The response should consist only of the lines from the one with "Decorating Christmas Tree" to the end of the data below, copied exactly and without pictures.
==== INFORMATION PROVIDED
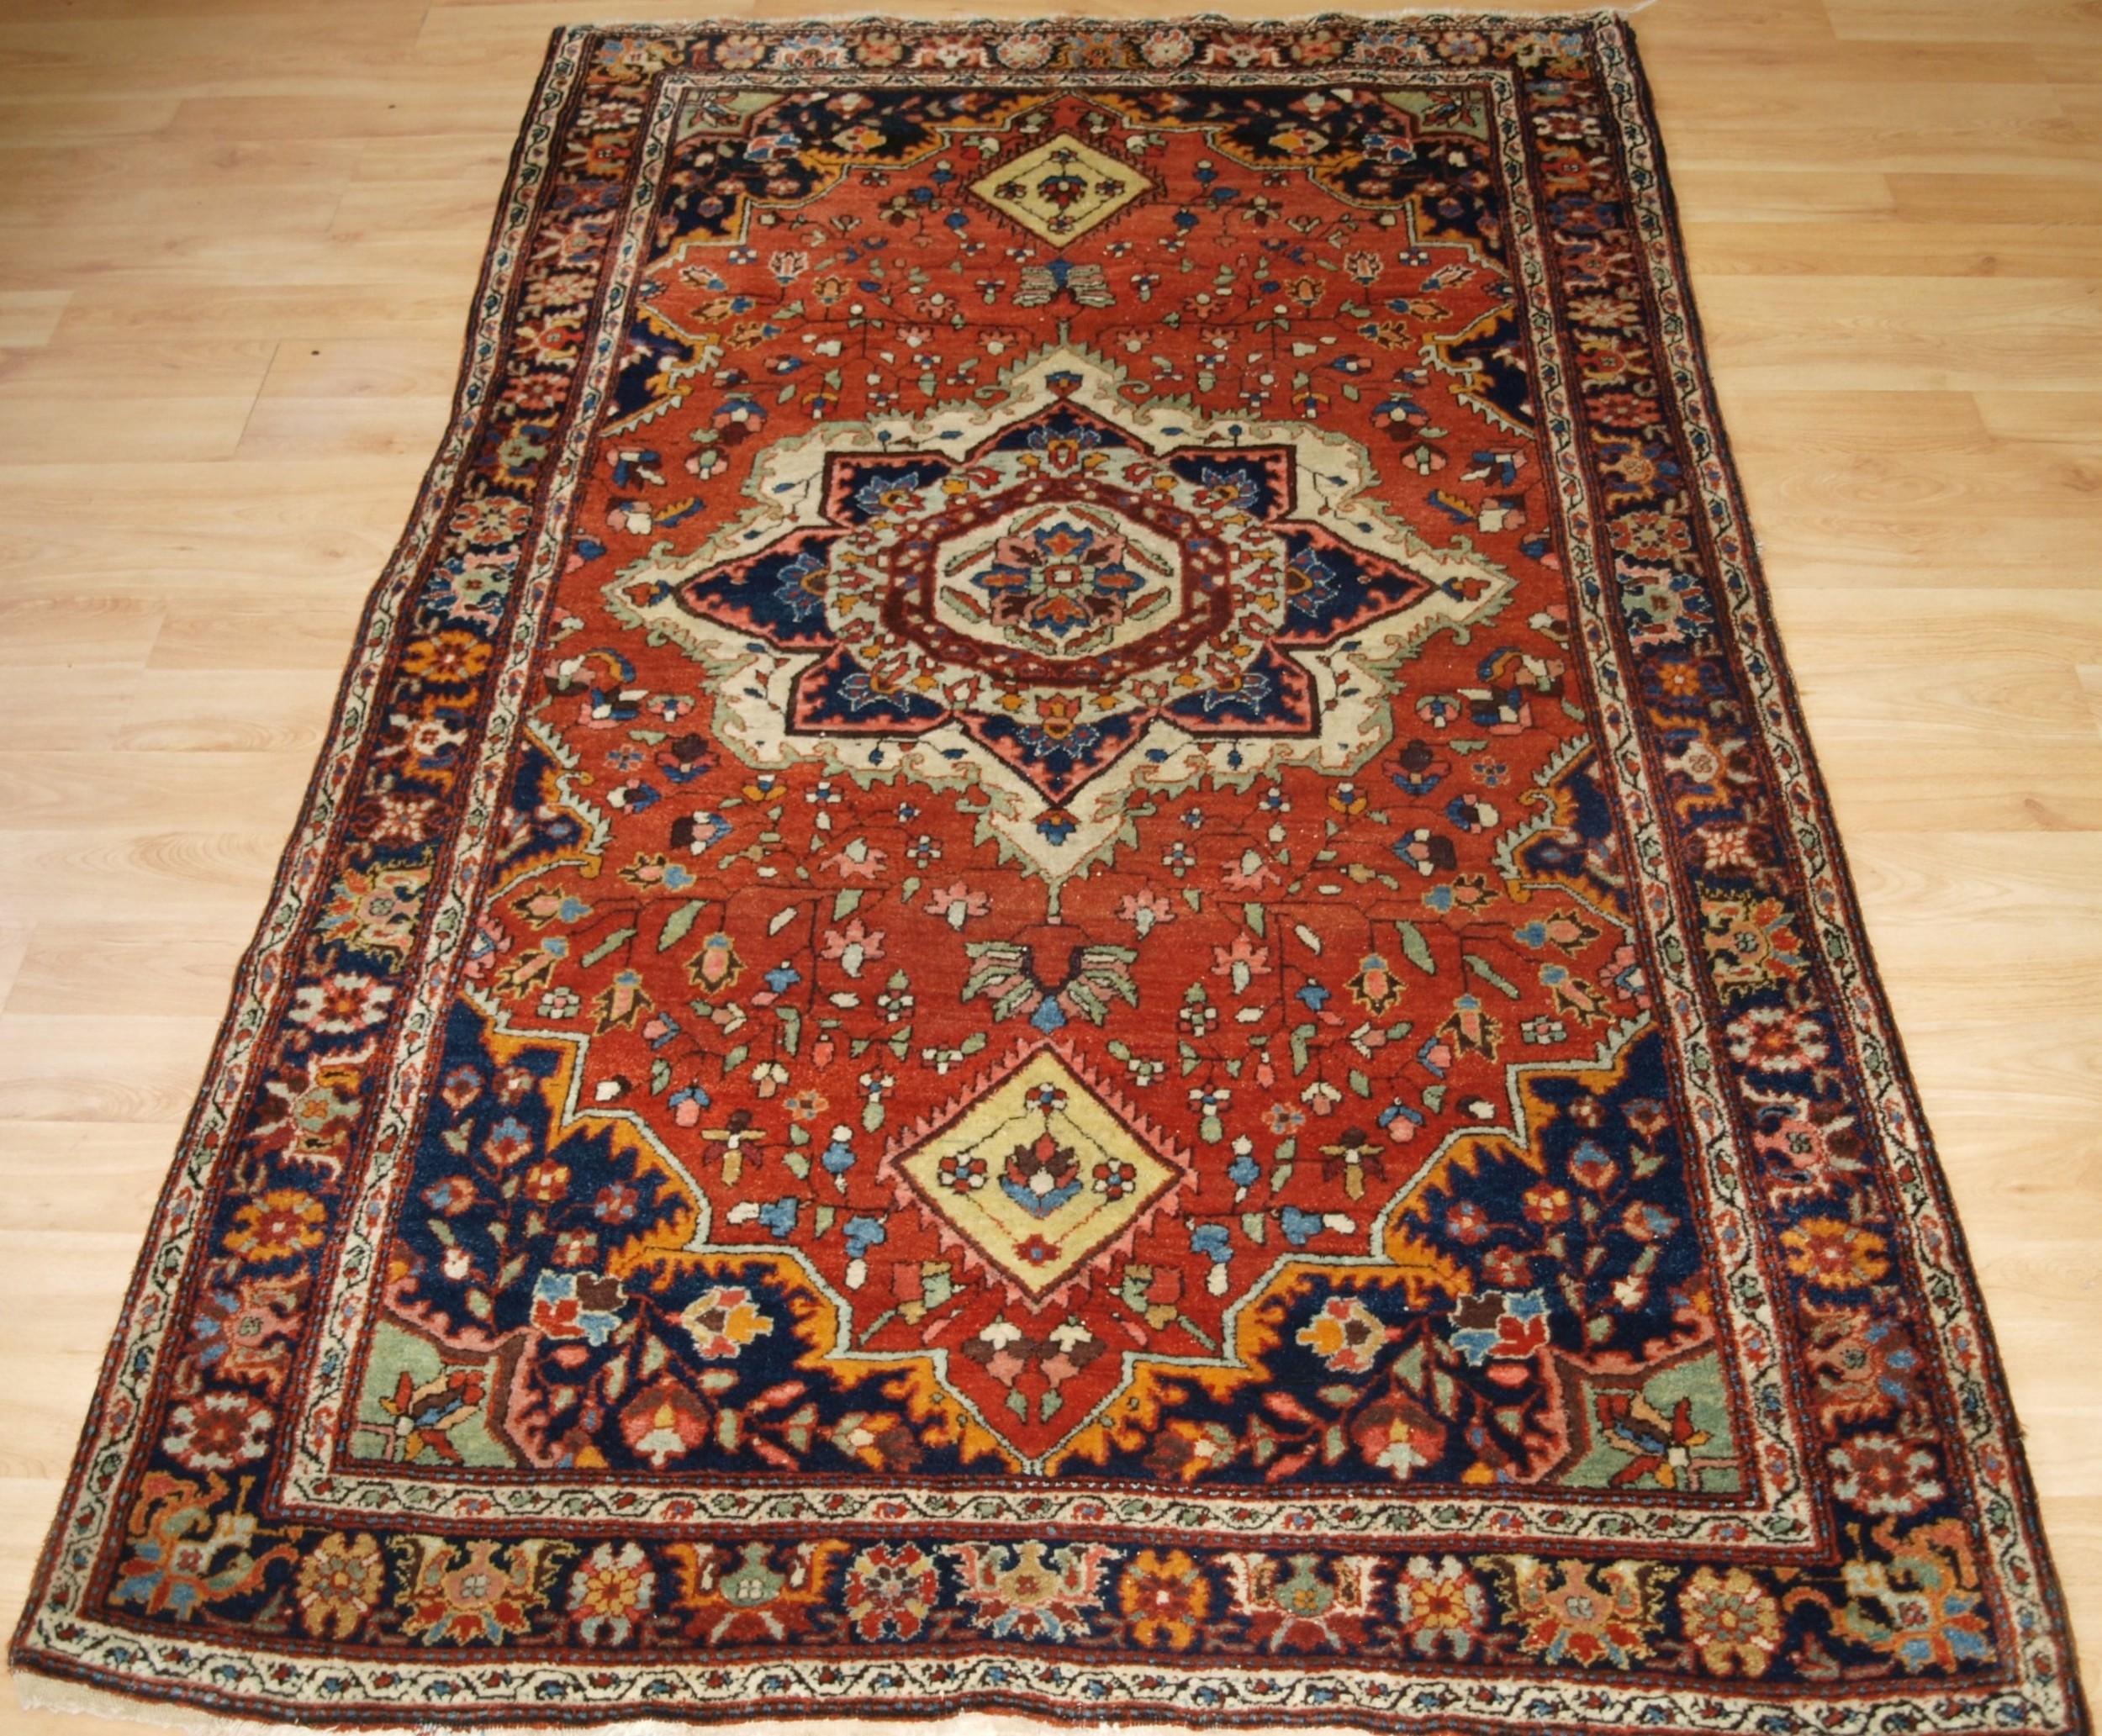 old sarouk rug with traditional design circa 1920
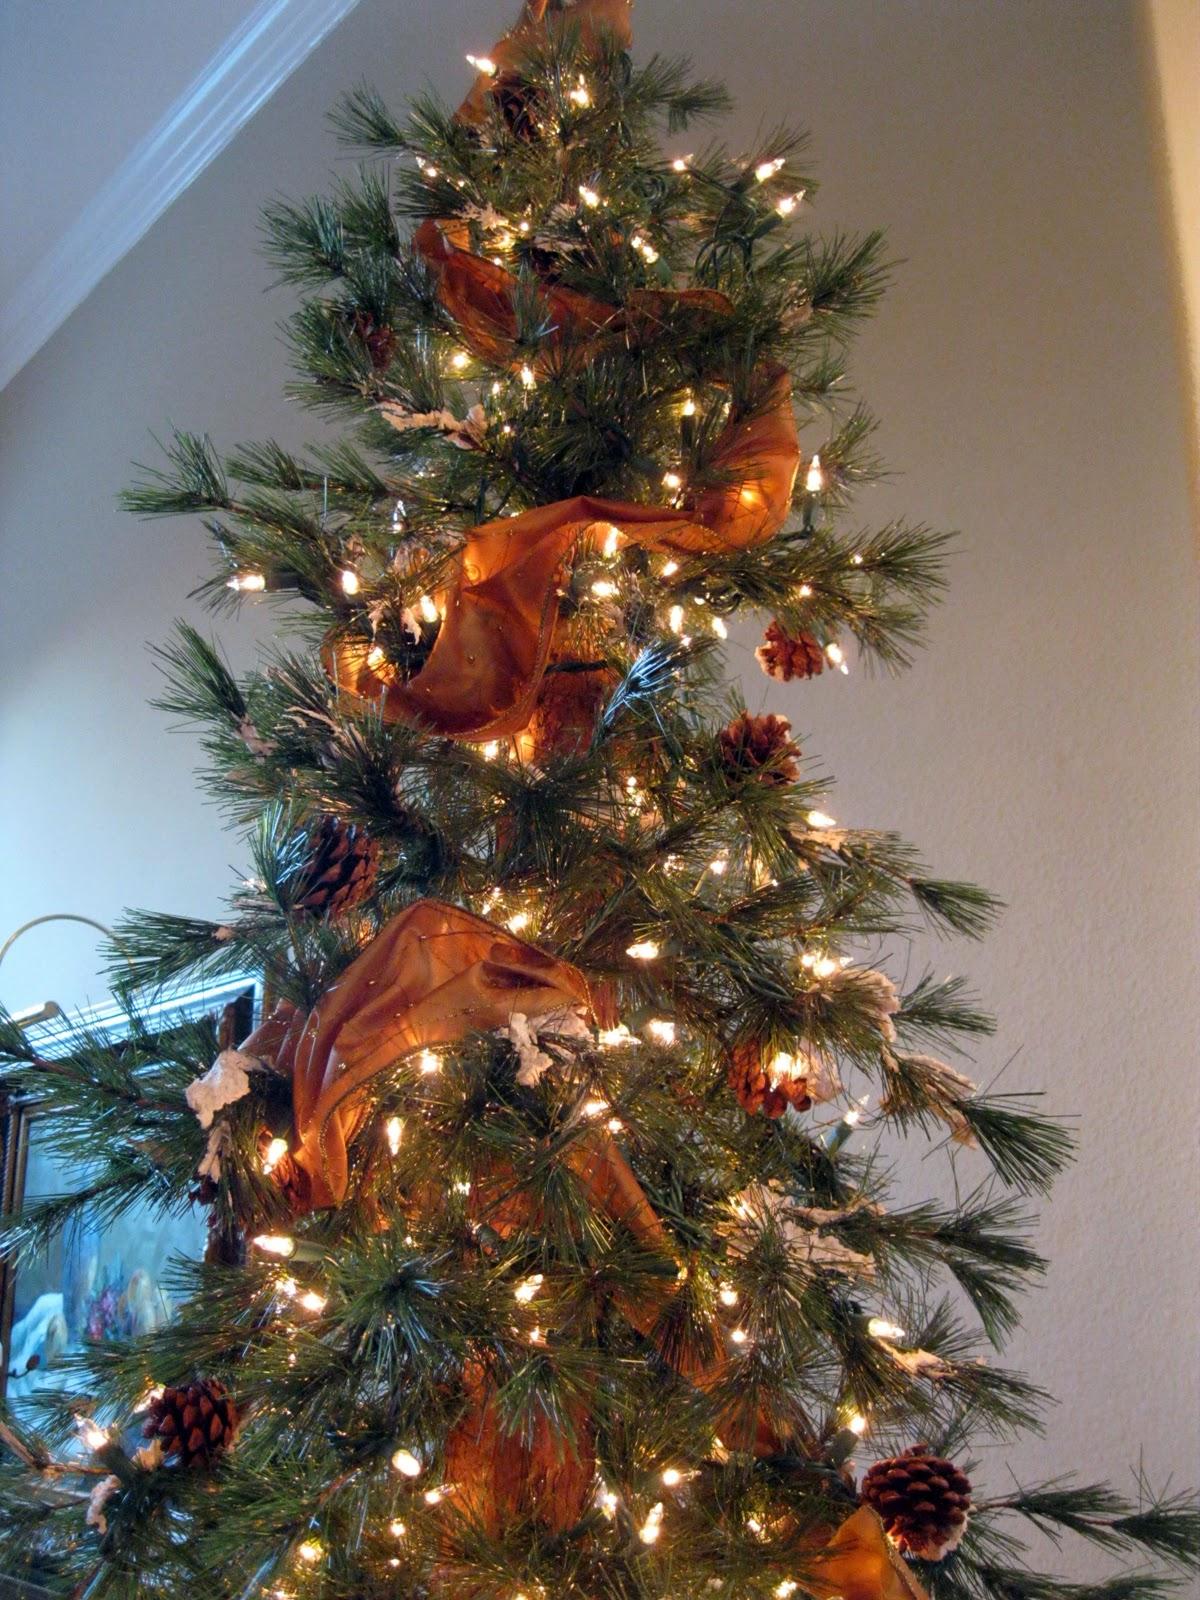 Decorating Christmas Tree With Ribbon Garland Photograph R
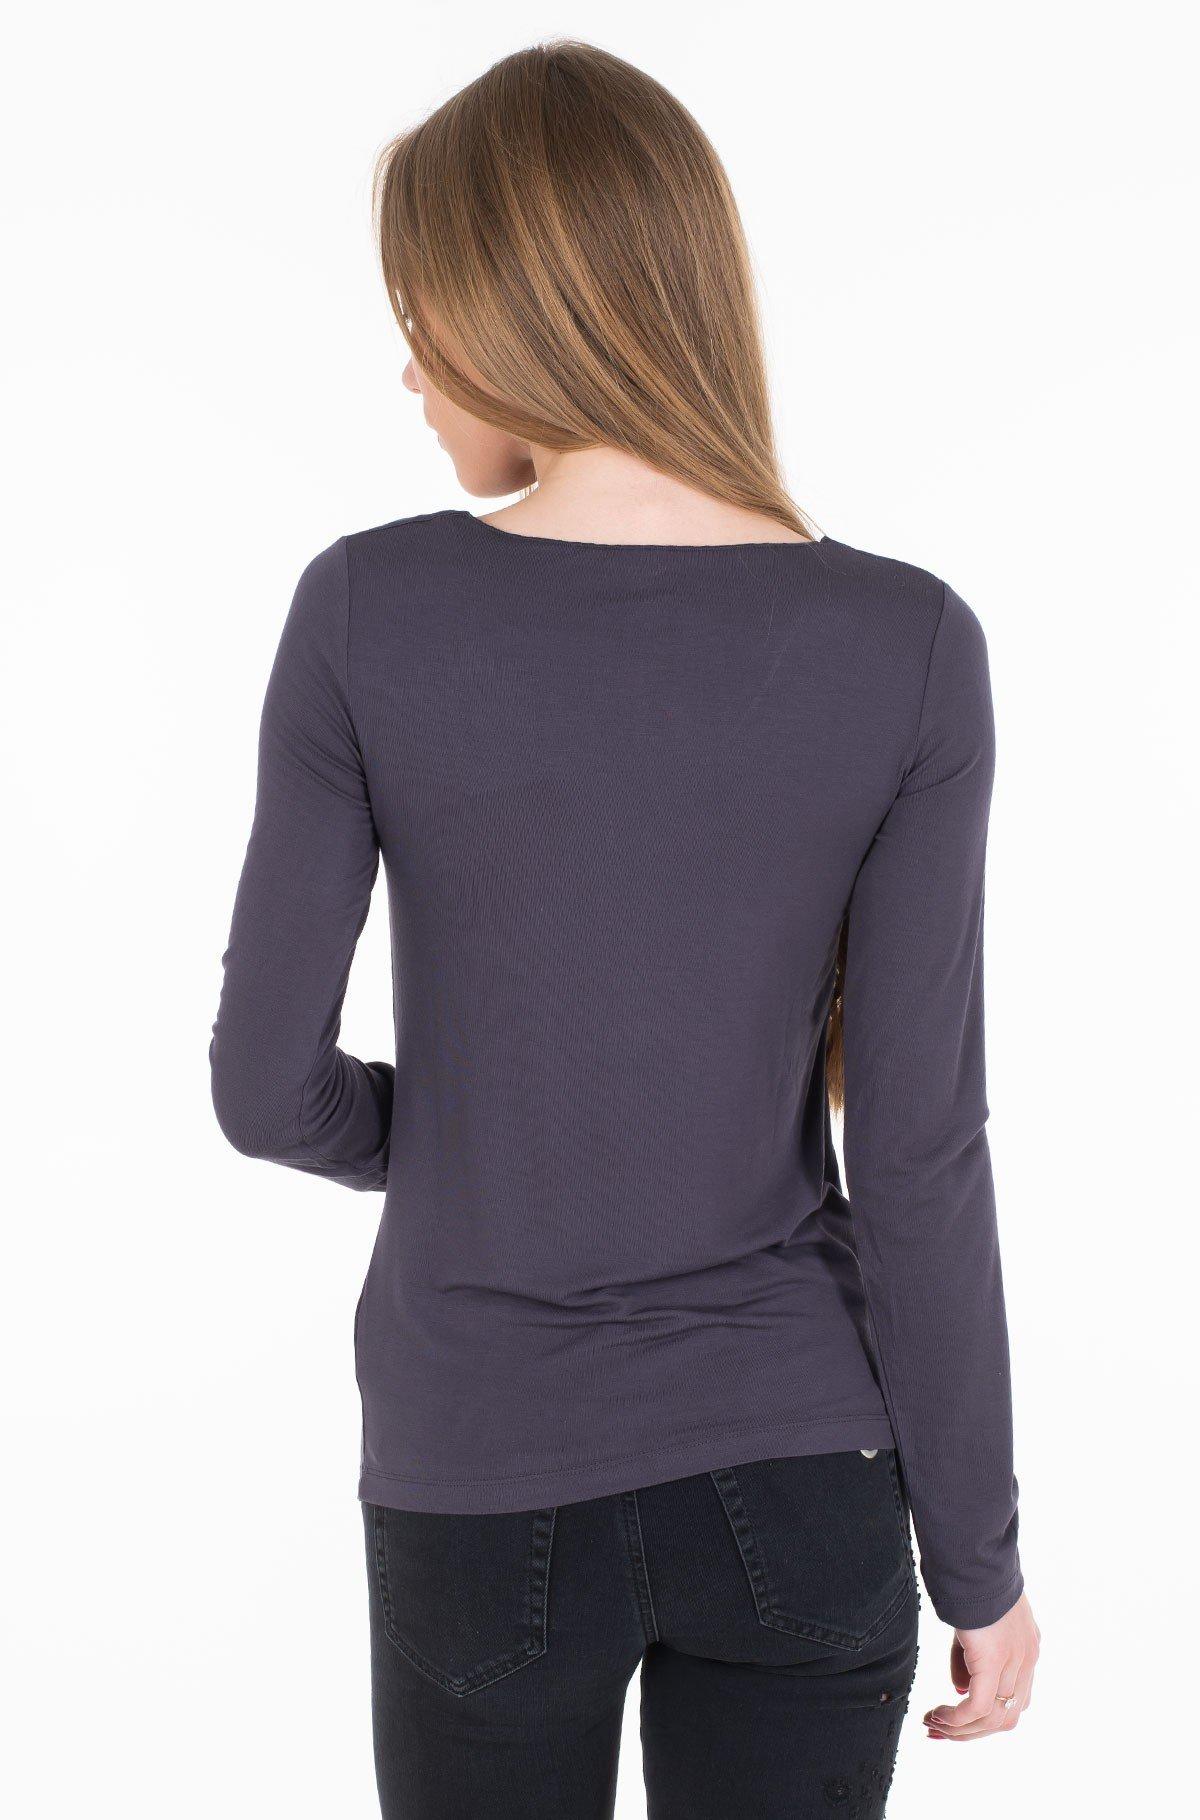 T-krekls ar garām piedurknēm  ANDY/PL504167-full-2
========
### SOLUTION TO THE EXERCISE
 Decorating Christmas Tree With Ribbon Garland Photograph R
 T-krekls ar garām piedurknēm  ANDY/PL504167-full-2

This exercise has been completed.